Except... that loop over the List twice bothers me in my soul. And if we ever need to track more information, they're likely going to add a third field, and then have to make a third pass to turn the 3-tuple into three arrays, etc. So I'm fooling around with trying to do it in a single pass.
Allocating the data structures is trivial, but maintaining an index for use by the Consumer seems hideous:
int[] foo_array = new int[results.size()];
BarClass[] bar_array = new BarClass[results.size()];
// the trick is providing a stateful iterator across the array:
// - can't just use 'int', it's not effectively final
// - an actual 'final int' would be hilariously wrong
// - "all problems can be solved with a level of indirection"
class Indirection { int iterating = 0; }
final Indirection sigh = new Indirection();
// equivalent possibility is
// final int[] disgusting = new int[]{ 0 };
// and then access disgusting[0] inside the lambda
// wash your hands after typing that code
results.stream().forEach (fab -> {
foo_array[sigh.iterating] = fab.foo_int;
bar_array[sigh.iterating] = fab.bar_object;
sigh.iterating++;
});
This produces identical arrays as the existing solution using multiple stream loops. And it does so in about half the time, go figure. But the iterator indirection tricks seem so unspeakably ugly, and of course preclude any possibility of populating the arrays in parallel.
Using a pair of ArrayList instances, created with appropriate capacity, would let the Consumer code simply call add for each instance, and no external iterator needed. But ArrayList's toArray(T[]) has to perform a copy of the storage array again, and in the int case there's boxing/unboxing on top of that.
(edit: The answers to the "possible duplicate" question all talk about only maintaining the indices in a stream, and using direct array indexing to get to the actual data during filter/map calls, along with a note that it doesn't really work if the data isn't accessible by direct index. While this question has a List and is "directly indexable" only from a viewpoint of "well, List#get exists, technically". If the results collection above is a LinkedList, for example, then calling an O(n) get N times with nonconsecutive index would be... bad.)
Are there other, better, possibilities that I'm missing? I thought a custom Collector might do it, but I can't figure out how to maintain the state there either and never even got as far as scratch code.

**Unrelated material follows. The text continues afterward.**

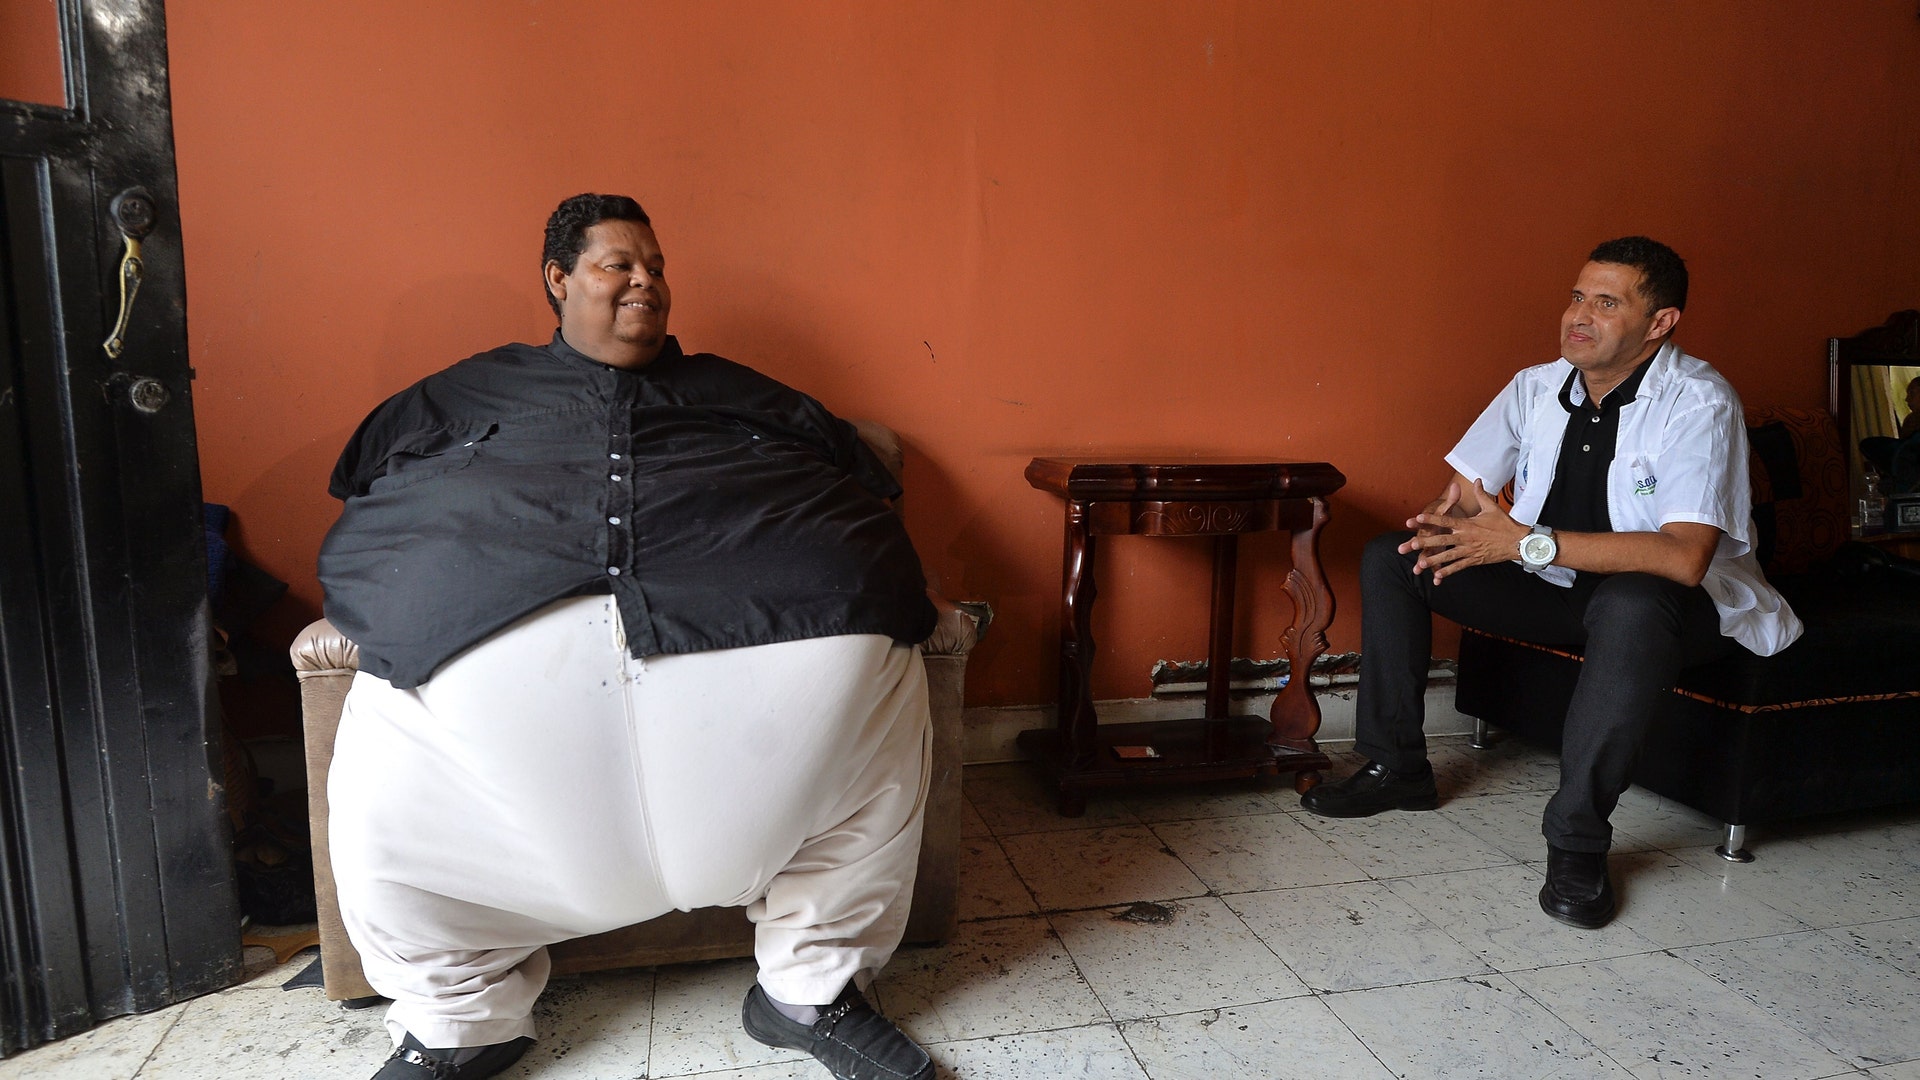 Самый тяжелый человеческий. Хуан Педро Франко 600 кг.

As the size of stream is known, there is no reason of reinventing the wheel again. The simplest solution is usually the best one. The second approach you have shown is nearly there - just use AtomicIntegeras array index and you will achieve your goal - single pass over data, and possible parralel stream execution ( due to AtomicInteger).
SO
AtomicInteger index=new AtomicInteger()
results.parallelStream().forEach (fab -> {
int idx=index.getAndIncrement();
foo_array[idx] = fab.foo_int;
bar_array[idx] = fab.bar_object;
});
Thread safe for parralel execution. One iteratio over whole collection
If your prerequisites are that both, iterating the list and accessing the list via an index, are expensive operations, there is no chance of getting a benefit from the parallel Stream processing. You can try to go with this answer, if you don’t need the result values in the original list order.
Otherwise, you can’t benefit from the parallel Stream processing as it requires the source to be able to efficiently split its contents into two halves, which implies either, random access or fast iteration. If the source has no customized spliterator, the default implementation will try to enable parallel processing via buffering elements into an array, which already implies iterating before the parallel processing even starts and having additional array storage costs where your sole operation is an array storage operation anyway.
When you accept that there is no benefit from parallel processing, you can stay with your sequential solution, but solve the ugliness of the counter by moving it into the Consumer. Since lambda expressions don’t support this, you can turn to the good old anonymous inner class:
int[] foo_array = new int[results.size()];
BarClass[] bar_array = new BarClass[results.size()];
results.forEach(new Consumer<AFooAndABarWalkIntoABar>() {
int index=0;
public void accept(AFooAndABarWalkIntoABar t) {
foo_array[index]=t.foo_int;
bar_array[index]=t.bar_object;
index++;
}
});
Of course, there’s also the often-overlooked alternative of the good old for-loop:
int[] foo_array = new int[results.size()];
BarClass[] bar_array = new BarClass[results.size()];
int index=0;
for(AFooAndABarWalkIntoABar t: results) {
foo_array[index]=t.foo_int;
bar_array[index]=t.bar_object;
index++;
}
I wouldn’t be surprised, if this beats all other alternatives performance-wise for your scenario…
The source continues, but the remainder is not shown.